» **Information supplied**:
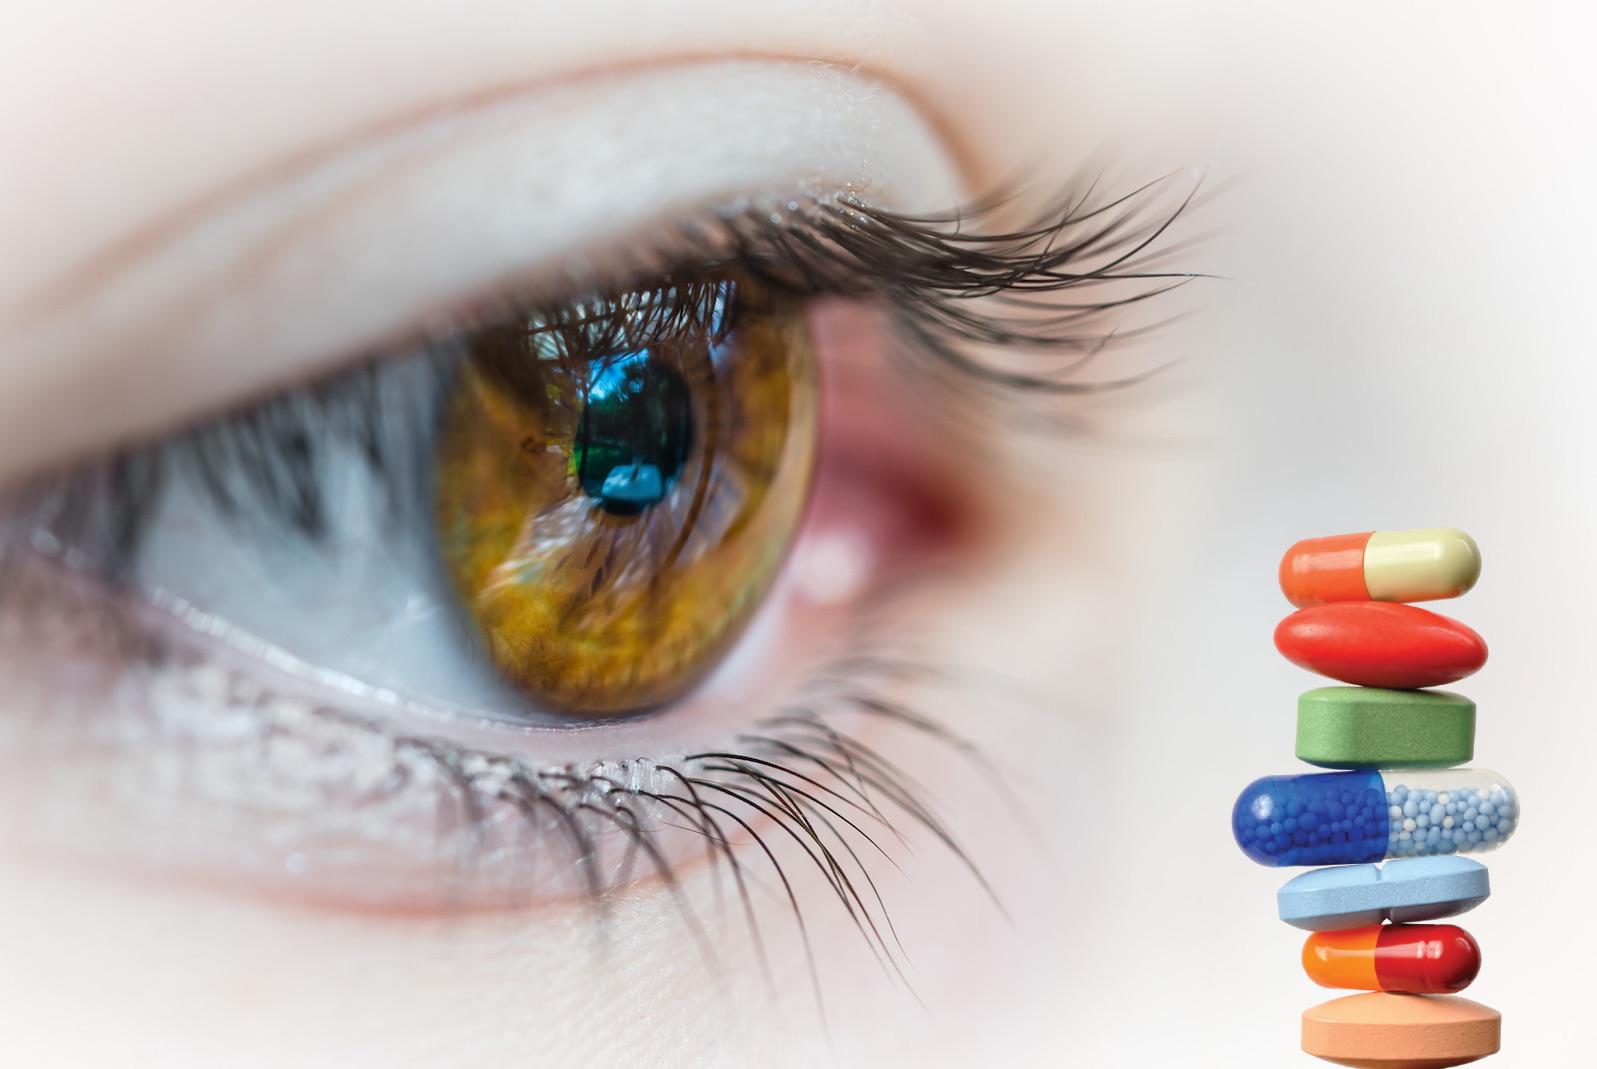 vârfurile degetelor devin amorțite cum să opriți scăderea acuității vizuale
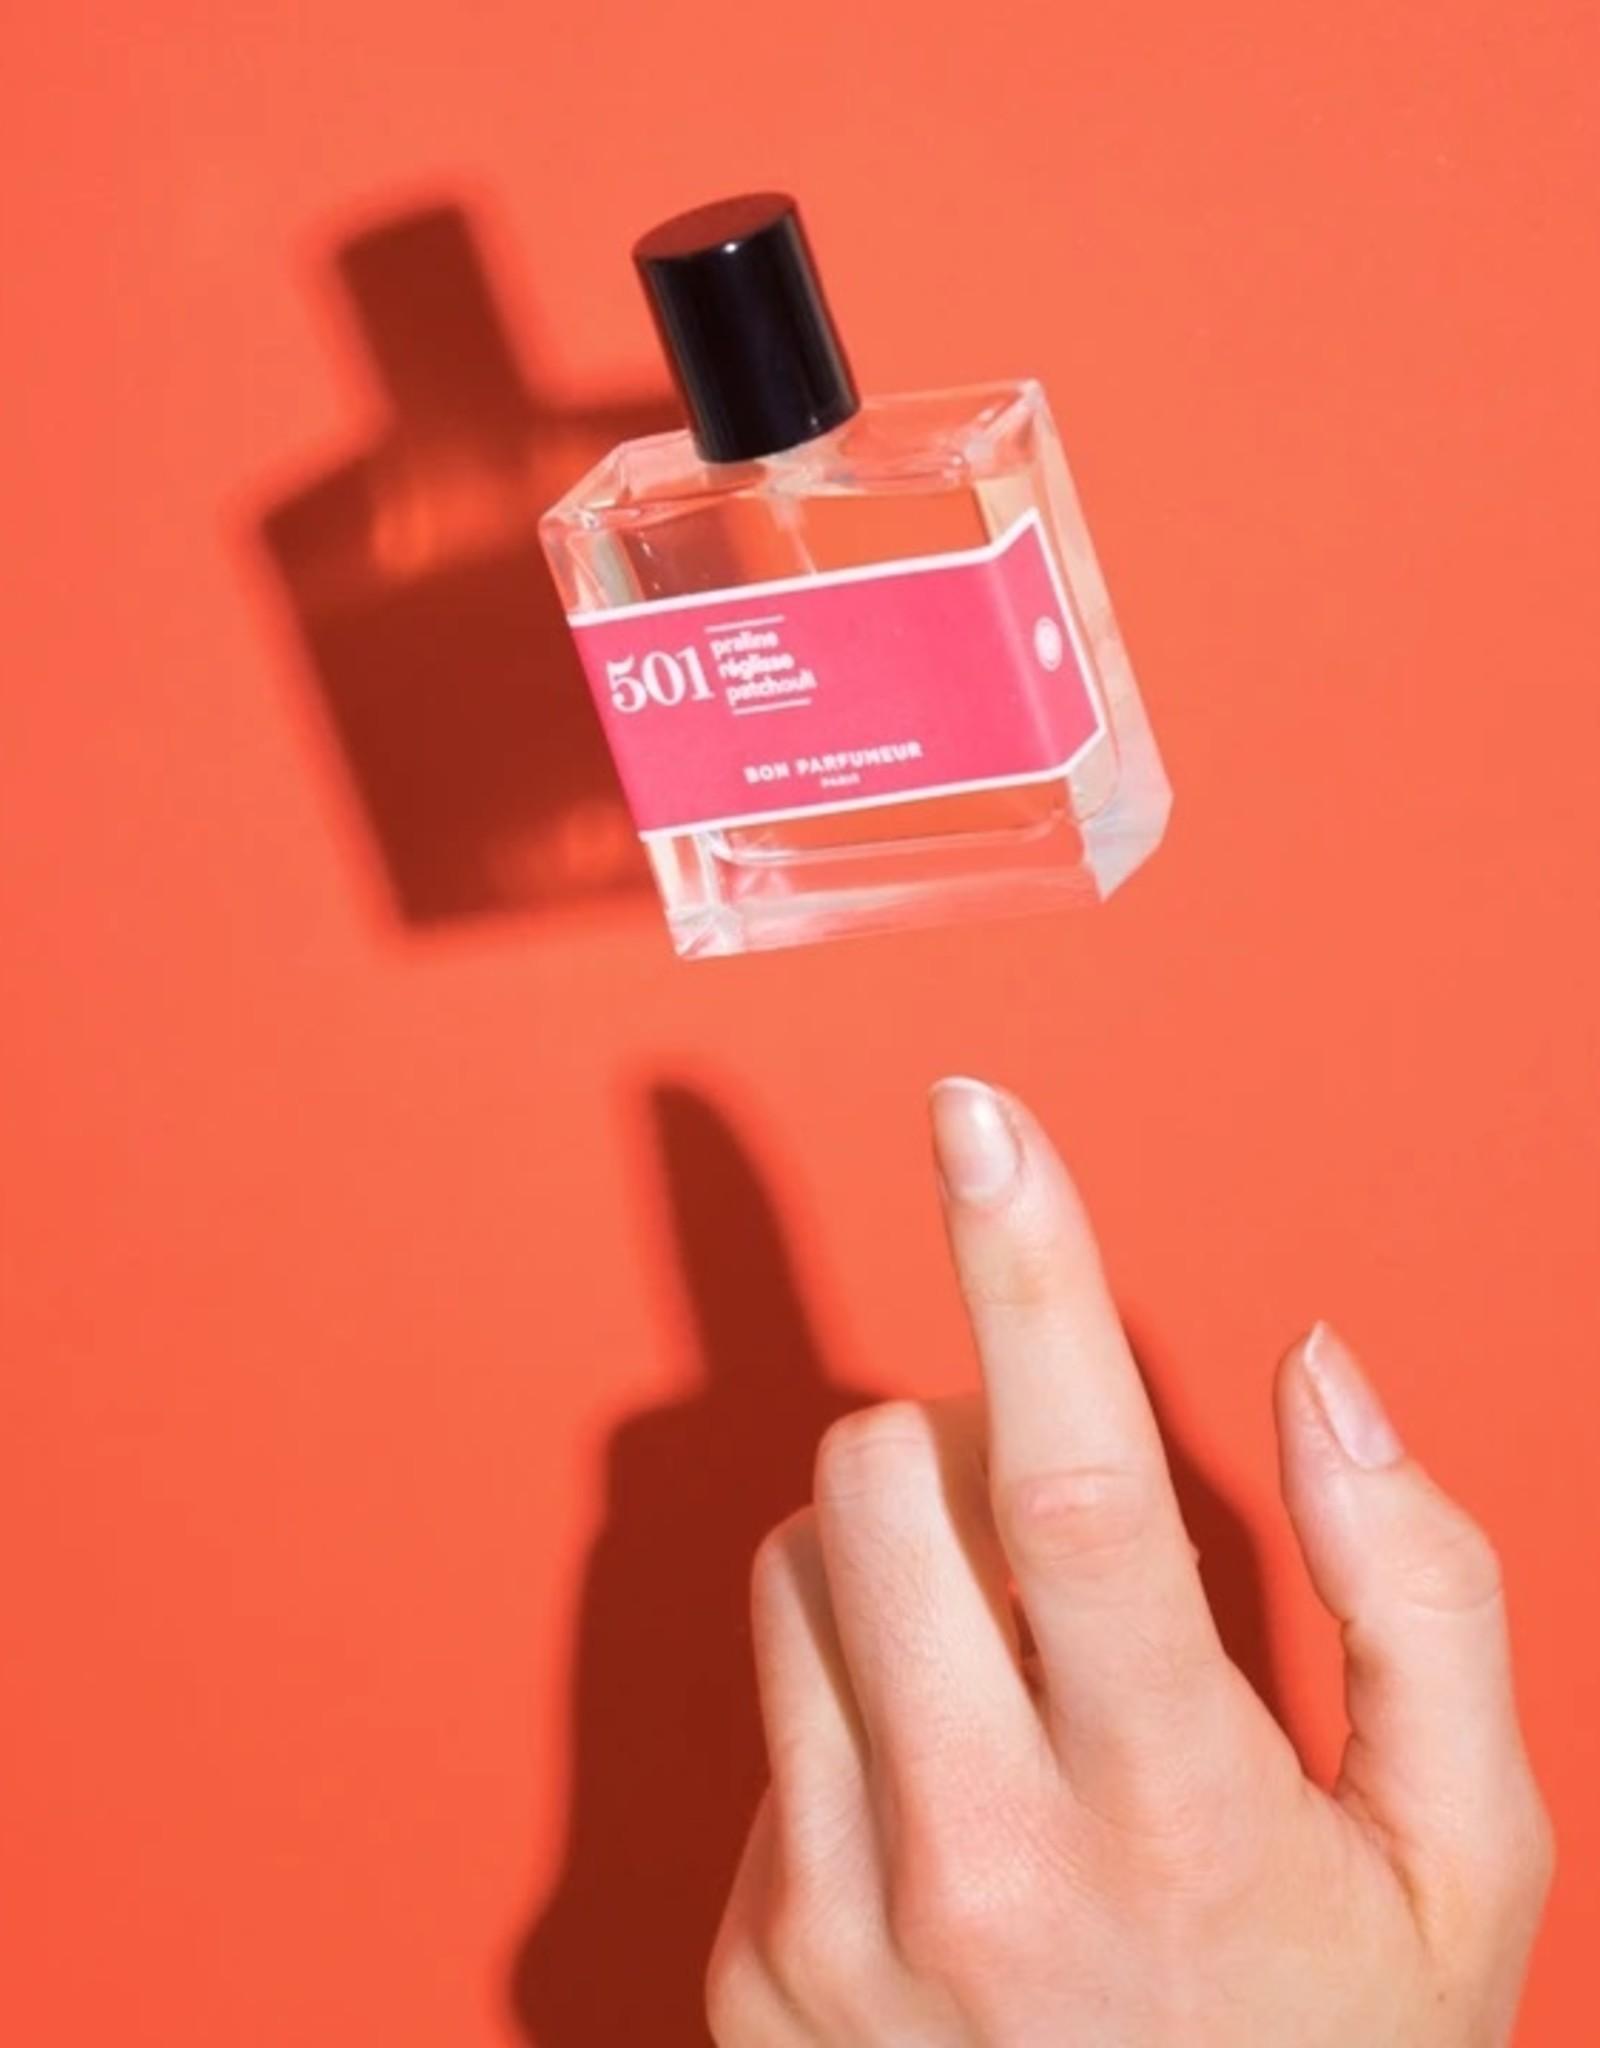 Eau de Parfum 501
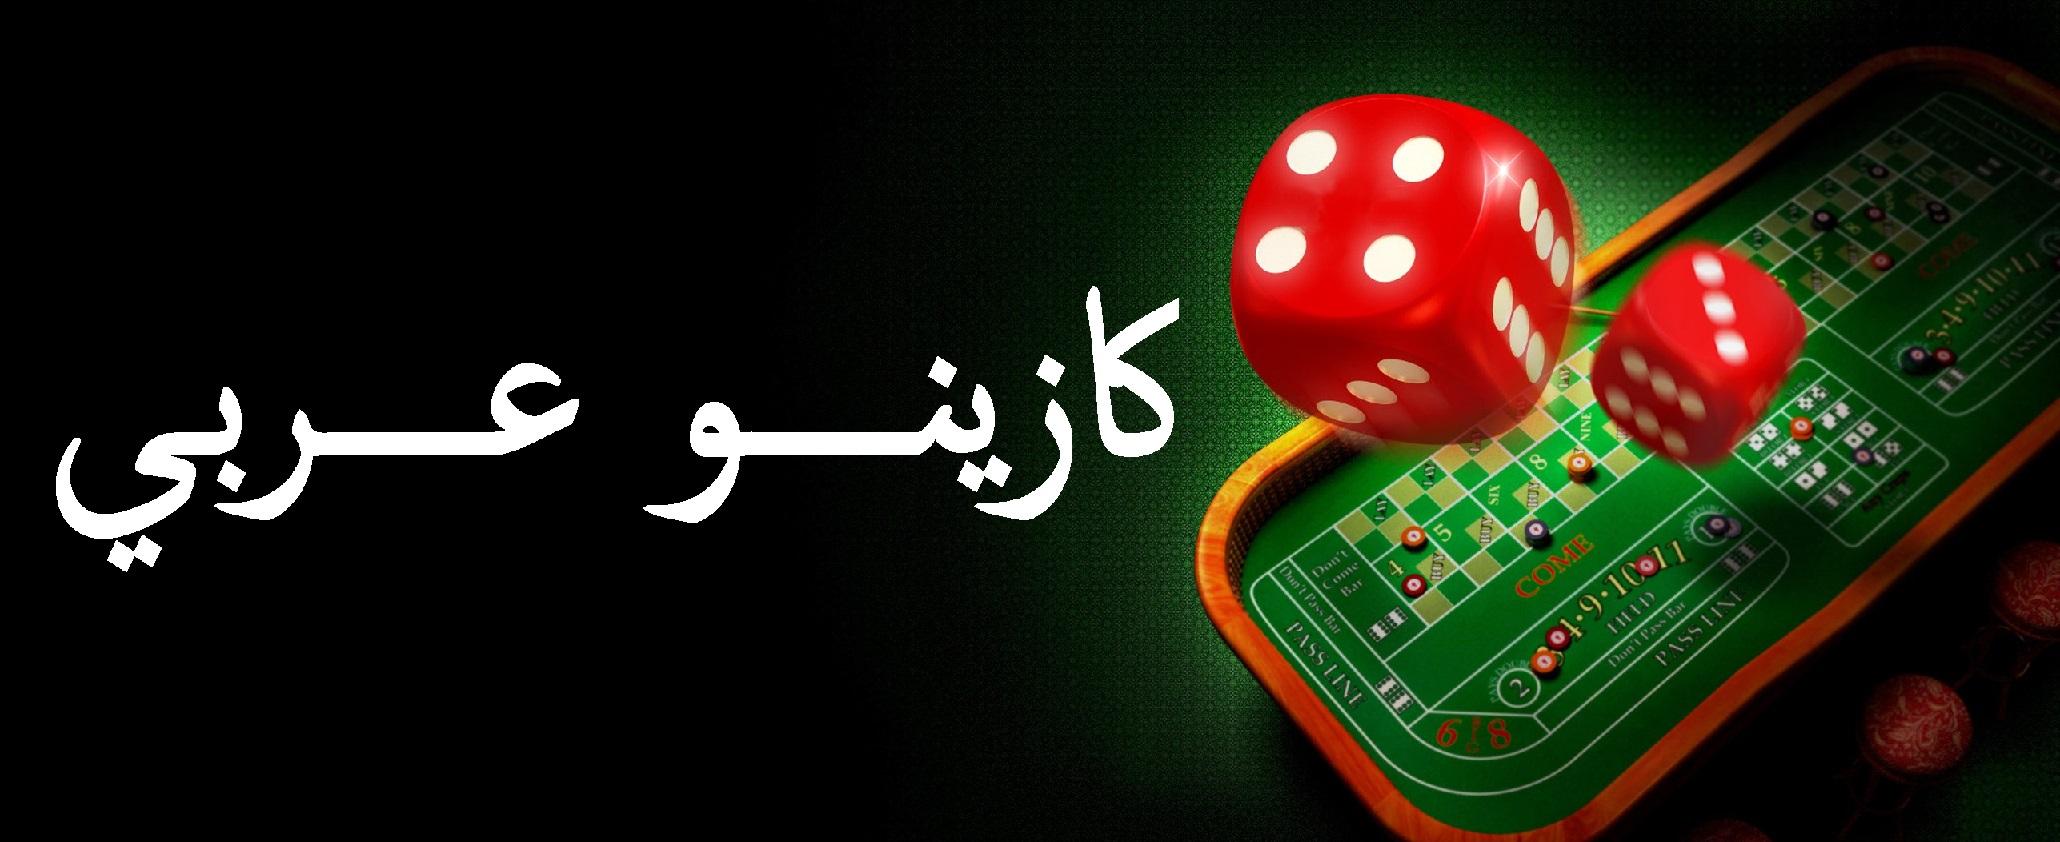 العب واربح - 66284

» **The task**: Repeat every line above precisely; pictures do not belong in the copy.

» **Expected answer**:
 vârfurile degetelor devin amorțite cum să opriți scăderea acuității vizuale
 Eau de Parfum 501
 العب واربح - 66284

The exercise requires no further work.